Il giudice di merito ha ritenuto non veritiera la circostanza addotta dall'imputato, secondo la quale egli non avrebbe effettuato il controllo, perchè uno dei verbalizzanti gli aveva detto che era facoltativo. Secondo il giudice, tale circostanza è stata smentita in dibattimento dai due verbalizzanti, e non va posta in discussione in considerazione delle dichiarazioni conformi alla tesi dell'imputato, rese da un suo trasportato nell'autovettura, al momento dei forti in stato di ebbrezza, e trattandosi di dichiarazioni comunque ritenute "compiacenti".
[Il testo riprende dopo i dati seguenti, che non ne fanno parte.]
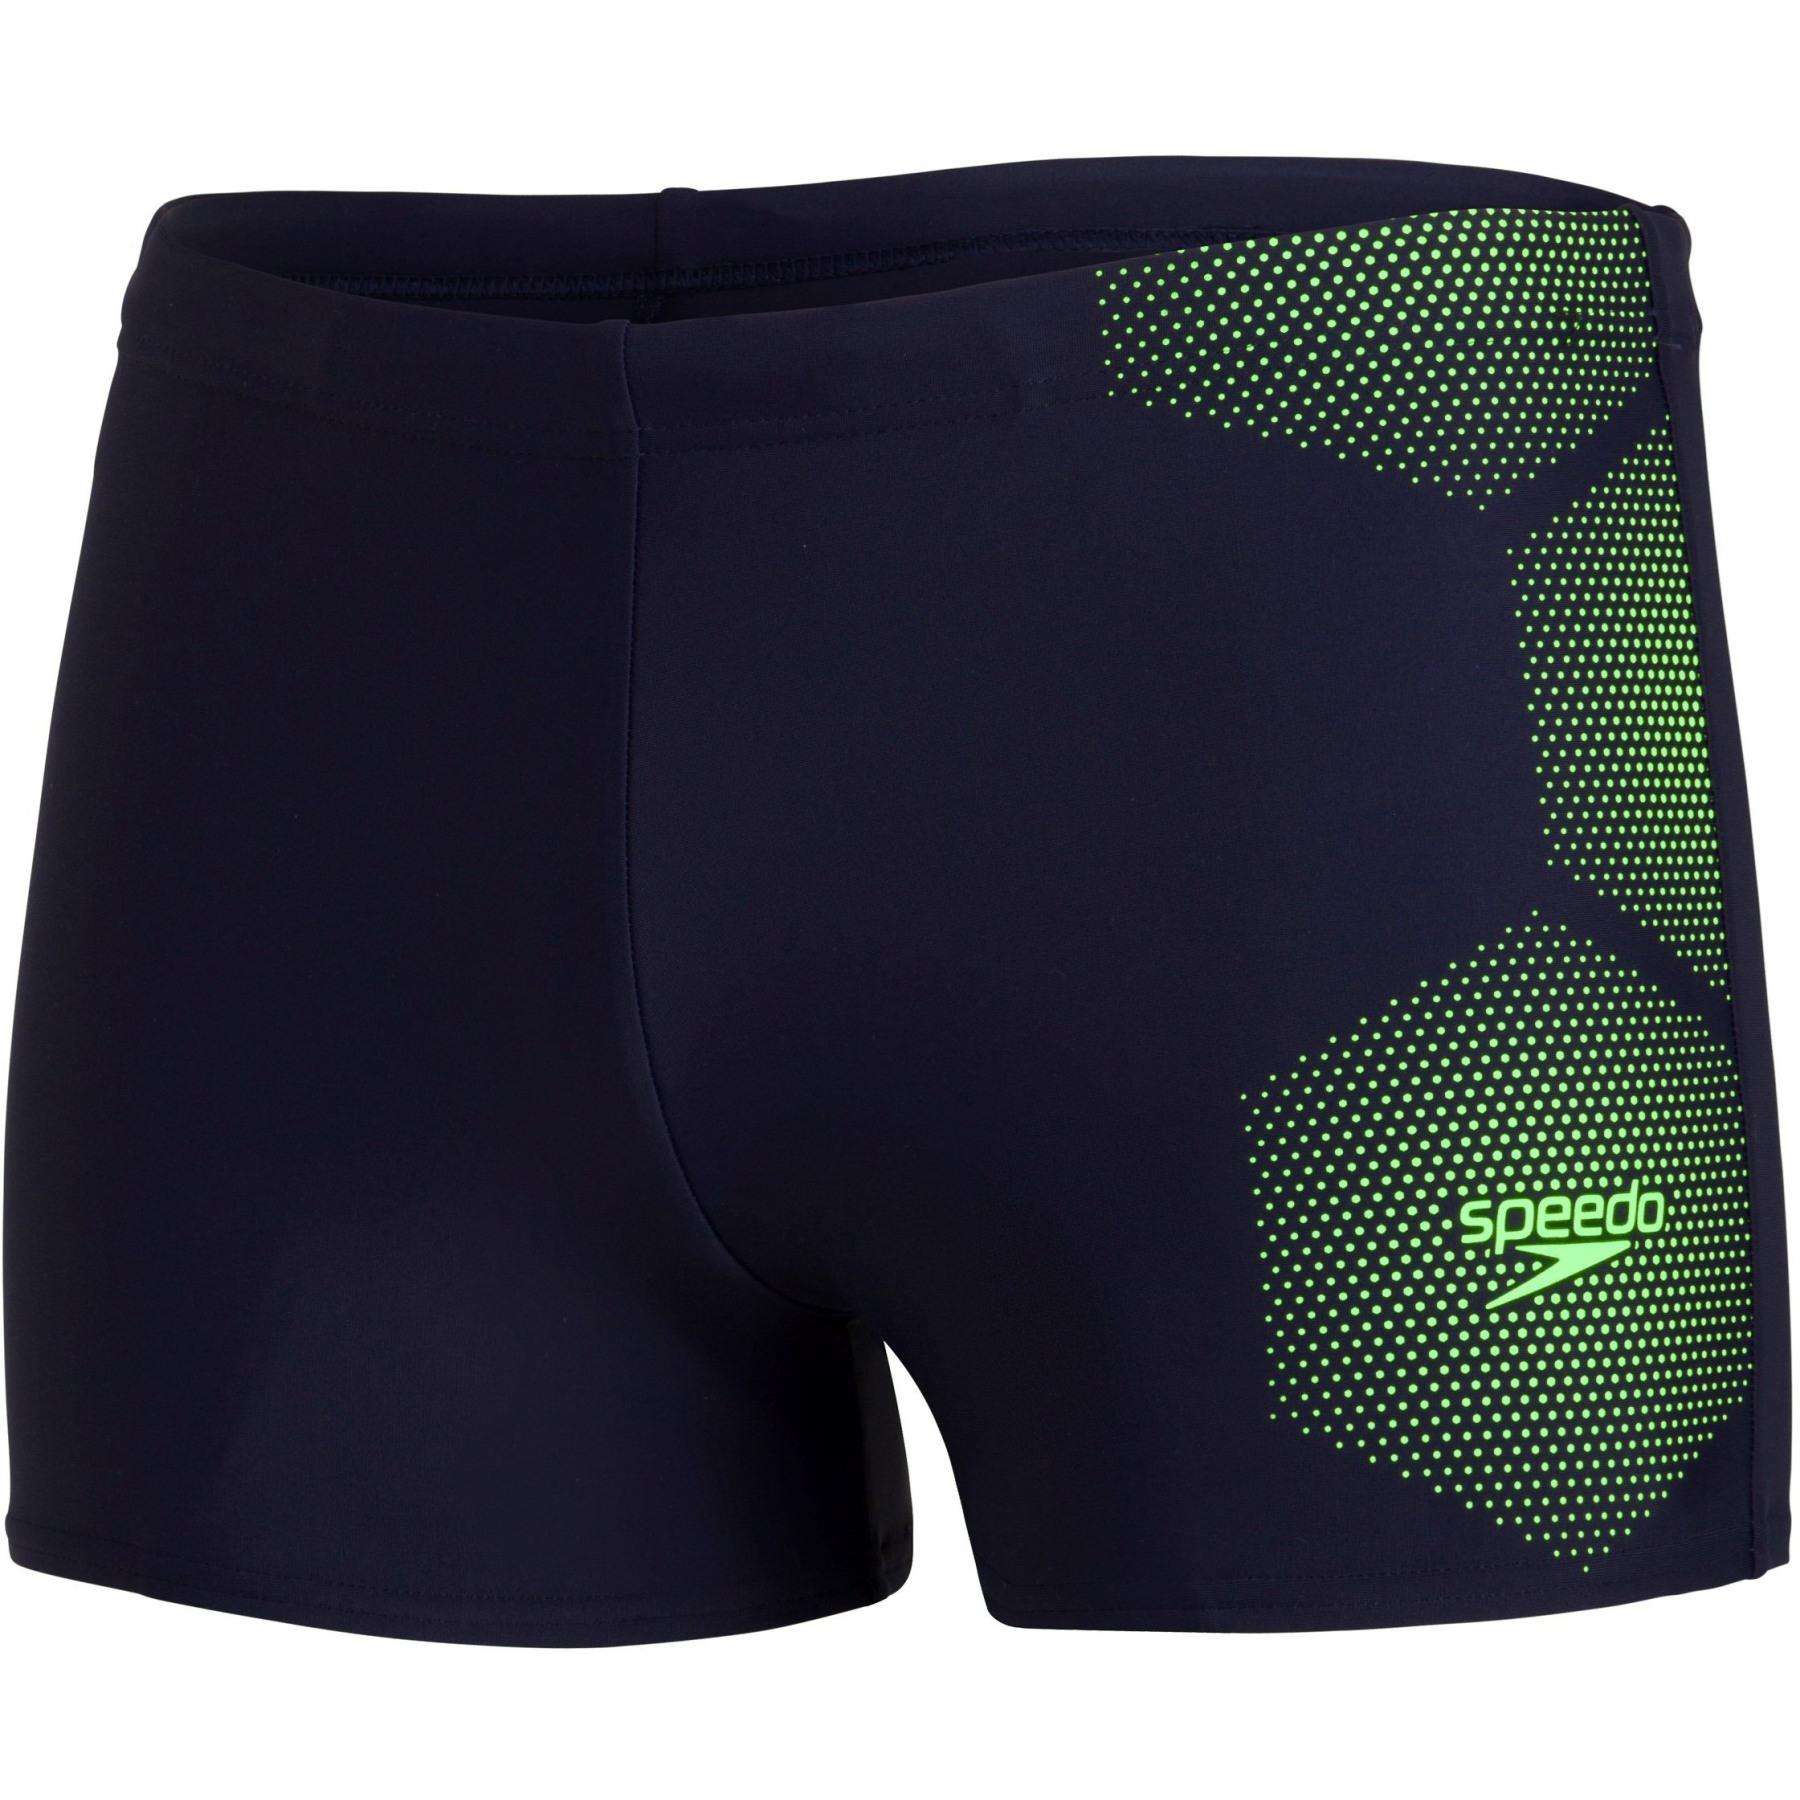 Speedo Tech Placement Aquashort Badehose - true navy/zest green

In diritto, il giudice ha ritenuto che l'errore sulla liceità del fatto è causa di esclusione della responsabilità in materia di contravvenzioni penali solo quando esso risulti inevitabile per il concorso di un elemento positivo che ne sia causa, e non ovviabile con l'ordinaria diligenza, mentre le semplici dichiarazioni del verbalizzante, in presenza di un precetto chiaramente conoscibile, non avrebbero influito sulla determinazione del soggetto.
MMha proposto ricorso per Cassazione, chiedendo l'annullamento della succitata sentenza.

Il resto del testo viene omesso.